COLLECTED DATA>
++++++++++++++++++++
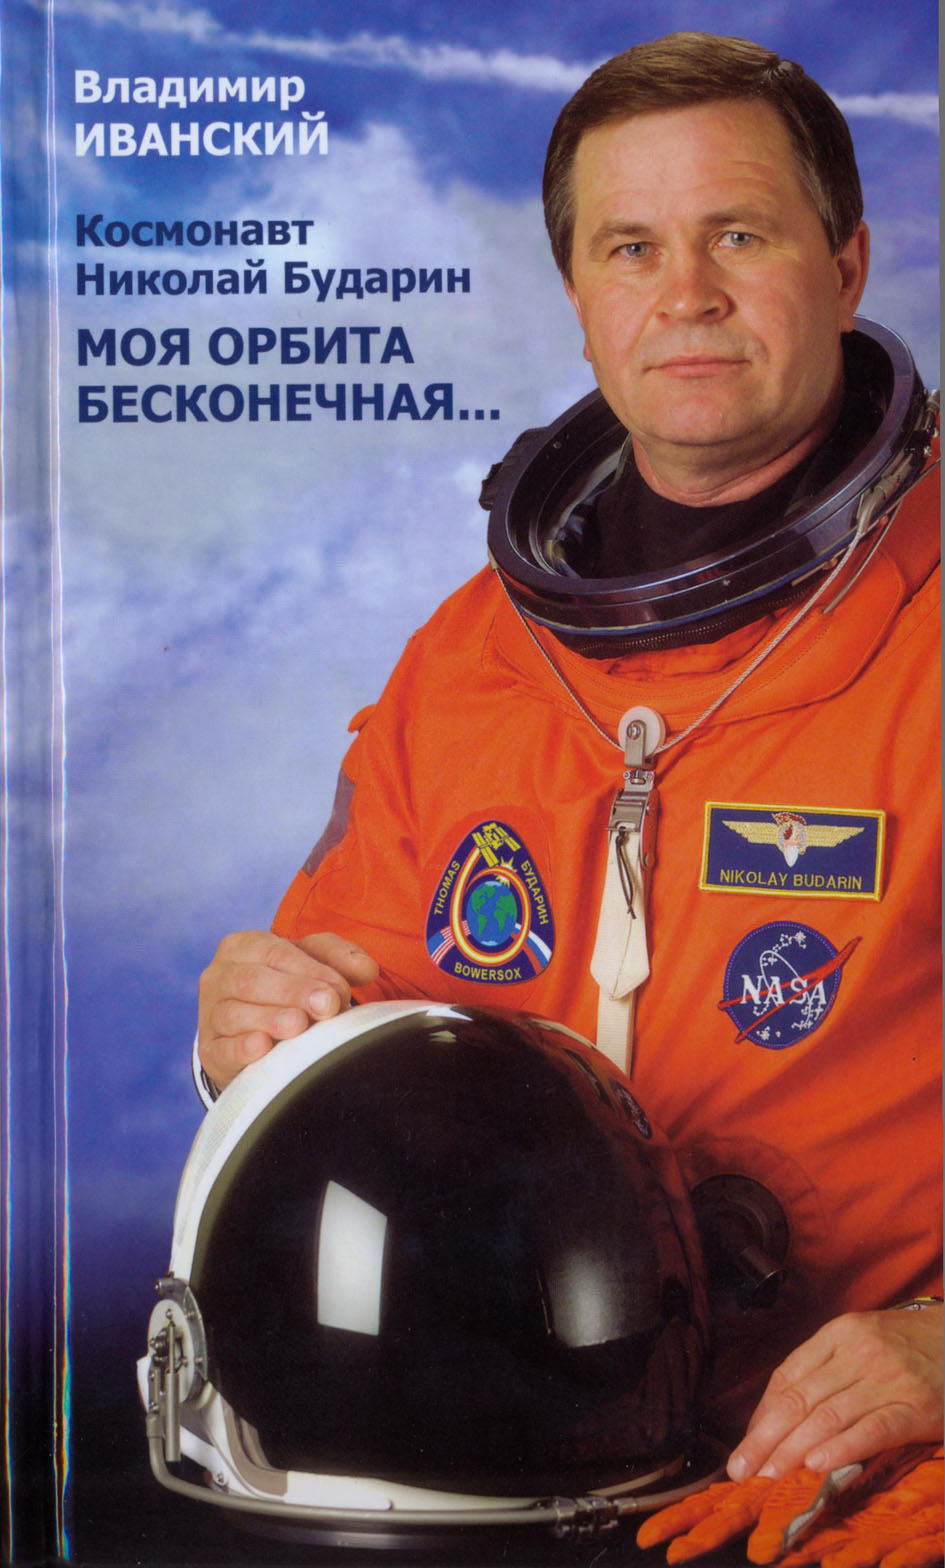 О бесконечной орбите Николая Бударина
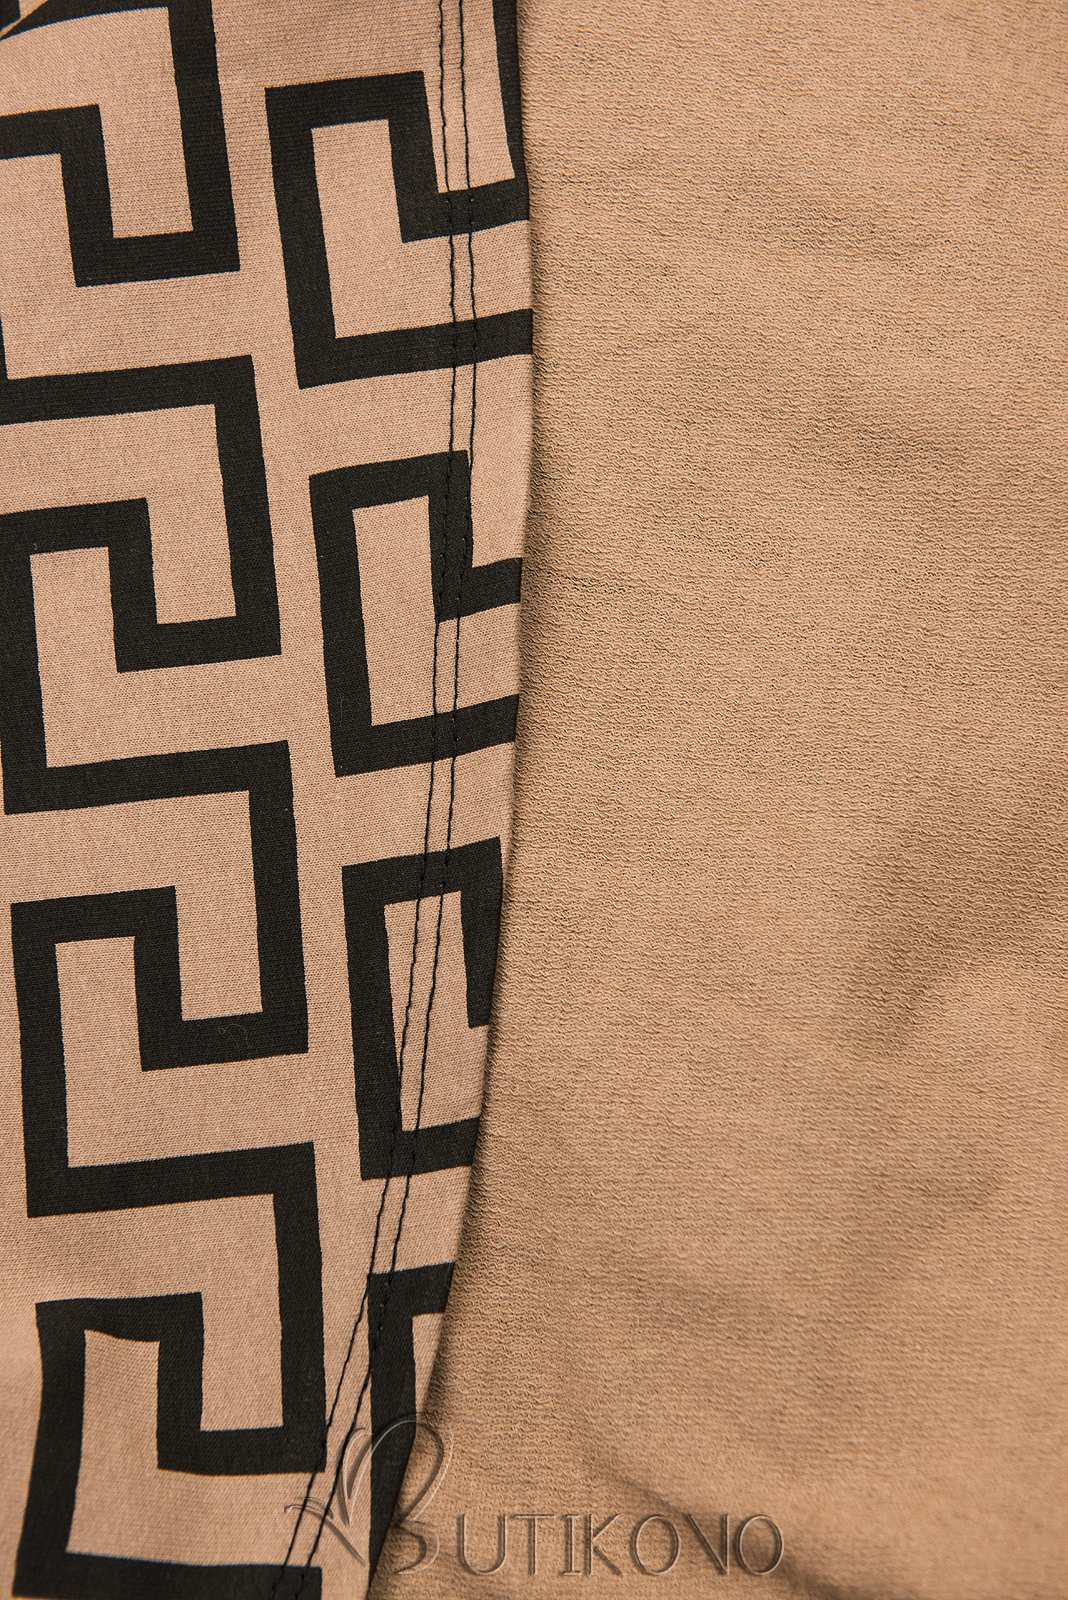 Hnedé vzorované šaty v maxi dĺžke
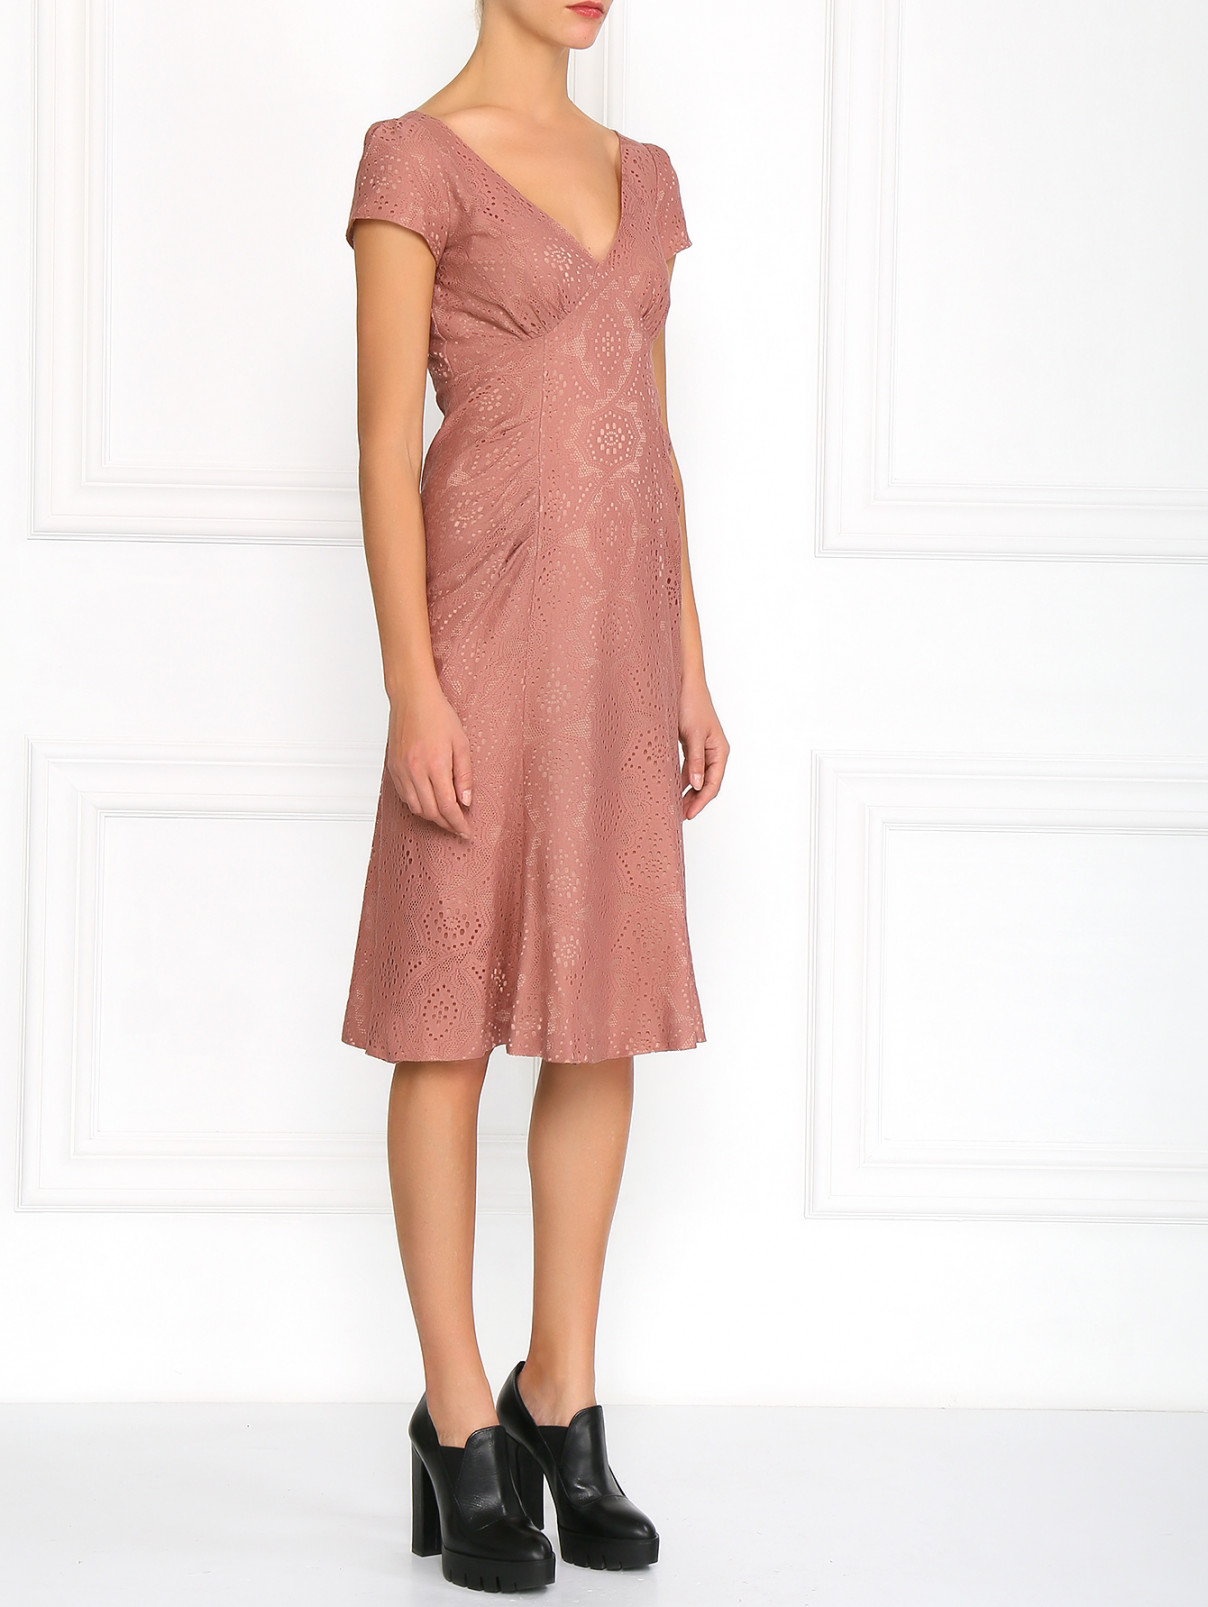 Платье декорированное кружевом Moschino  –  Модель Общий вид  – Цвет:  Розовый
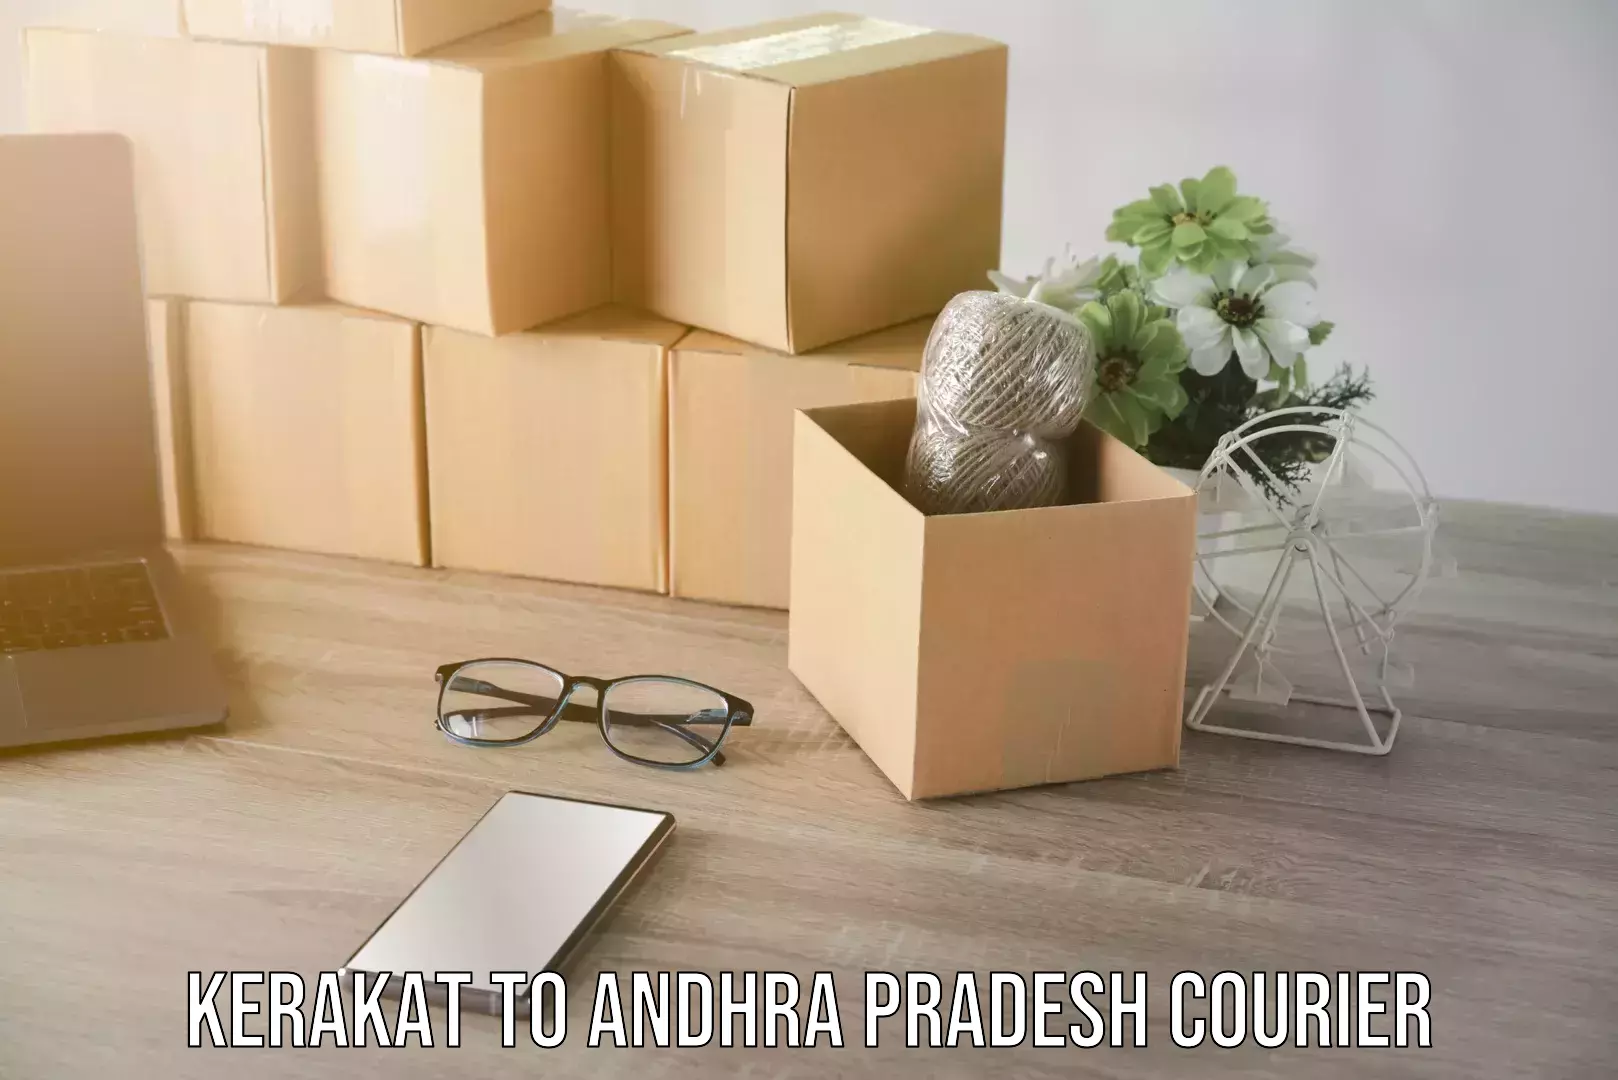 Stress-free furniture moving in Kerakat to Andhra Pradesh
++++++++++++++++++++
ABOUT THIS TASK>
Write out exactly the lines from the one that contains "Hnedé vzorované šaty v maxi dĺžke" through the last line of the data above, both included. Leave every picture out.

ANSWER SECTION>
 Hnedé vzorované šaty v maxi dĺžke
 Платье декорированное кружевом Moschino  –  Модель Общий вид  – Цвет:  Розовый
 Stress-free furniture moving in Kerakat to Andhra Pradesh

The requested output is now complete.